The supply of essential goods and services in Australia is not highly susceptible to a short-term disruption to the supply of imported goods, the Productivity Commission has found in its interim report. Vulnerability appears to be quite limited. The Productivity Commission has also found that firms are best placed to manage risk and warned against government crowding out private investment.
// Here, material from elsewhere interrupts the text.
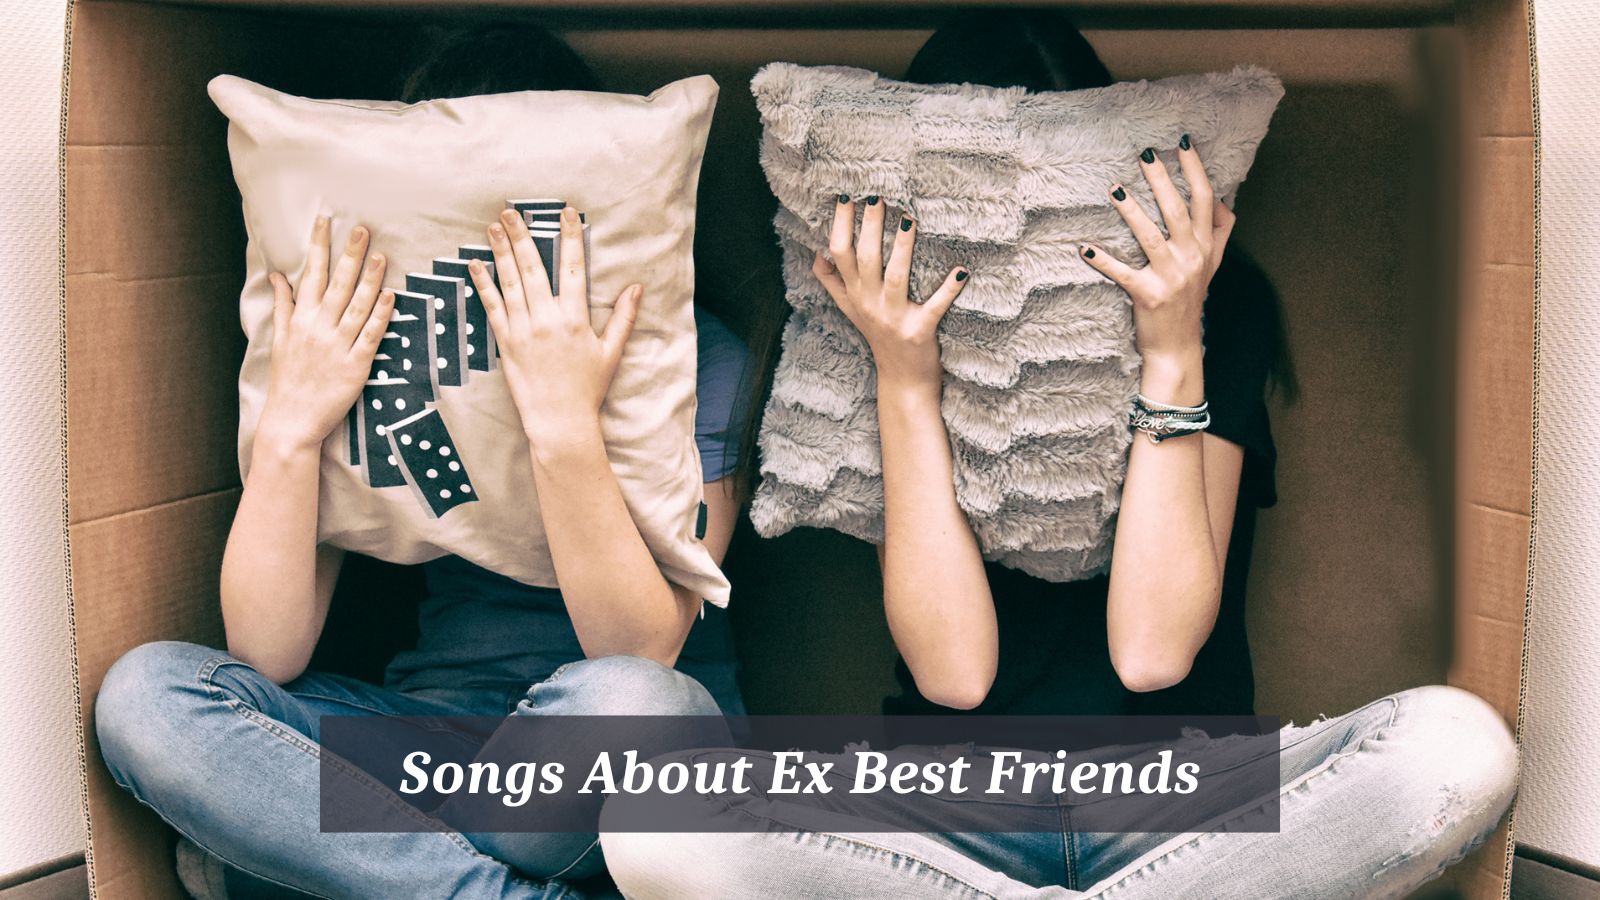 Songs About Ex Best Friends

Initiated by the Federal Treasurer, Josh Frydenburg MP, on 19 February 2021, the Productivity Commission’s interim released today has focused on supply chain vulnerabilities from Australia’s role as an importer. It also focuses on the supply of goods and products rather than the the carriage of freight.
Key findings
- One-in-five products imported by Australia are “highly-concentrated” however, for many of these products alternative sources of supply exist and could be utilised
- One-in-twenty Australian imports might be vulnerable to concentrated sources of supply
- Vulnerable imports are mostly consumption or intermediate goods but many of them are not essential to the wellbeing of Australians
- Disruptions to the supply of vulnerable capital goods are unlikely to affect Australian well-being in the long run
- For many products, the main supplier of vulnerable imports is China, which accounts for roughly two-thirds of those products
- Vulnerable imports are a small share (by value) of the goods used in essential industries. “This is suggestive, but not conclusive, evidence that vulnerable imports may not be critical to the production of essential goods and services,” the Productivity Commission says.
The Productivity Commission then went on to add: “combining imports and production data suggests that the supply of essential goods and services in Australia is not highly susceptible to a short-term disruption to the supply of imported goods. Vulnerable imports represent a small fraction of the value of essential goods and services consumed by Australians”.
Risk management
The Productivity Commission also noted that risks are best managed by those parties that have direct incentives to mitigate against those risk and that firms are primarily responsible for managing risks in their supply chain. Although noting that there are conditions where government intervention in private sector risk management may be justified, the Productivity Commission warned that government could crowd out private investment.
The Commission also specifically pointed out that the Australian government has the responsibility for maintaining and promoting a respected and rules-based international trading system that promotes low-cost training and the ability of firms to respond to disruption. “All levels of government have responsibility for ensuring regulations are fit for purpose, including making temporary changes that let firms adjust to temporary disruptions,” the Productivity Commission wrote.
Next steps
The Commission is inviting all interested parties to make written submissions in response to its interim report. The Commission is also seeking submissions for its next phase of work focusing on supply chain vulnerabilities in exports from Australia.
Submissions are due by Friday 30 April 2021.